Yüksek gerilim trafo üretimine odaklanan Schneider Electric, Ar-Ge’yi merkeze aldı
Endüstrileşme, şehirleşme ve dijitalleşme trendlerine paralel olarak artan enerji ihtiyacına cevap verebilmek amacıyla teknolojik çözümler geliştiren Schneider Electric, yüksek anma gücünde ve yüksek gerilim seviyesinde trafo üretimine odaklanarak, Ar-Ge’de büyümesini sürdürüyor.
Haber Merkezi |Ceylan DEMİR
KOCAELİ - Schneider Electric, 185 yıllık köklü bir tecrübeye sahip küresel bir marka olarak enerjinin güvenli, güvenilir, verimli ve çevreci bir şekilde yönetilmesinde aktif rol oynuyor. Dünyada 100’den fazla ülkede 135 bin çalışanı bulunuyor. Türkiye'de ise 1987 yılından bu yana hizmet veriyor. Manisa ve Gebze’de bulunan yeşil bina sertifikalı 2 üretim tesisi, bin 200’ün üzerinde çalışan ve 200’e yakın yerel iş ortağı ile faaliyet gösteriyor. 2010 yılından itibaren, dünyadaki en son yapılan trafo fabrikalarından birisi olarak Kocaeli Çayırova’daki fabrikasında üretimini sürdürüyor.
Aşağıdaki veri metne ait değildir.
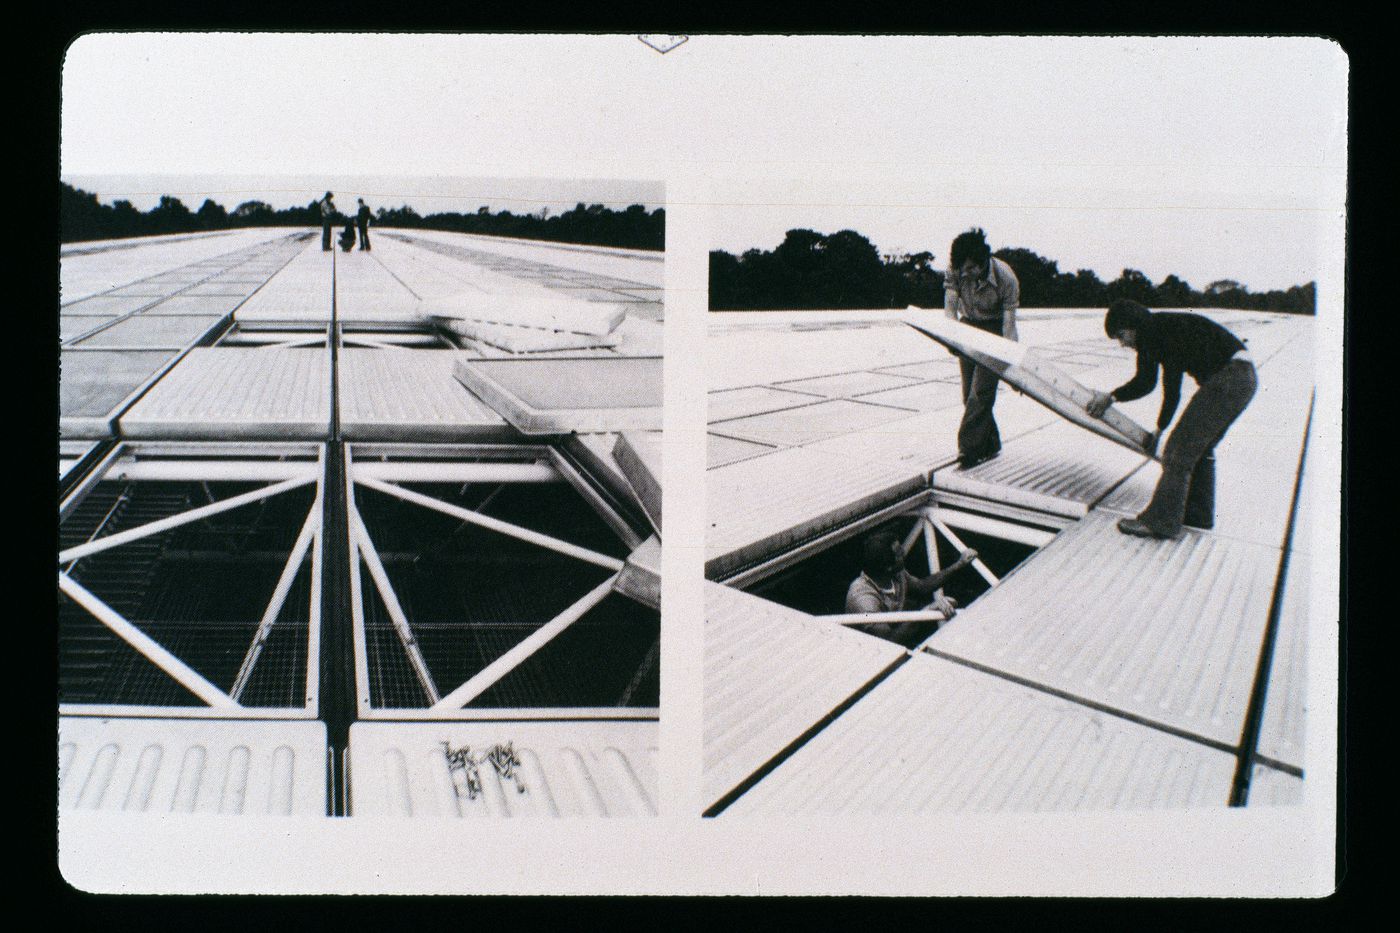 Slide of a photograph of Sainsbury Centre for Visual Arts, Norwich, by Norman Foster

Üretim hacmini artırmak ve pazarın ihtiyaçlarına daha verimli ürünler ile çözüm üretebilmek için Ar-Ge yatırımlarının artırılmasına önem verdiklerini belirten Schneider Electric Fabrika Direktörü Abhilash Mishra, “ Schneider Electric olarak kendimizi Avrupa ülkelerinin yeni standardı olan düşük kayıplı trafolar üretimine adapte etmiştik. Bunun yanı sıra geleneksel pazarımız olan petrol ve gaz sektöründe patlamaya haiz ortamlarda ve farklı muhit sıcaklıklarında çalışacak yüksek anma gücünde ve yüksek gerilim seviyesinde trafo talepleri gelmeye başladı. Yenilenebilir enerji kaynaklarından rüzgâr türbinleri için yüksek anma gücünde ve boyut sınırlaması olan trafo talepleri gelmekte. Bu talepleri Ar-Ge, dizayn ve imalat olarak karşıladık ve trafolarımızı dünyanın çeşitli ülkelerindeki sahalara göndermeye başladık” dedi.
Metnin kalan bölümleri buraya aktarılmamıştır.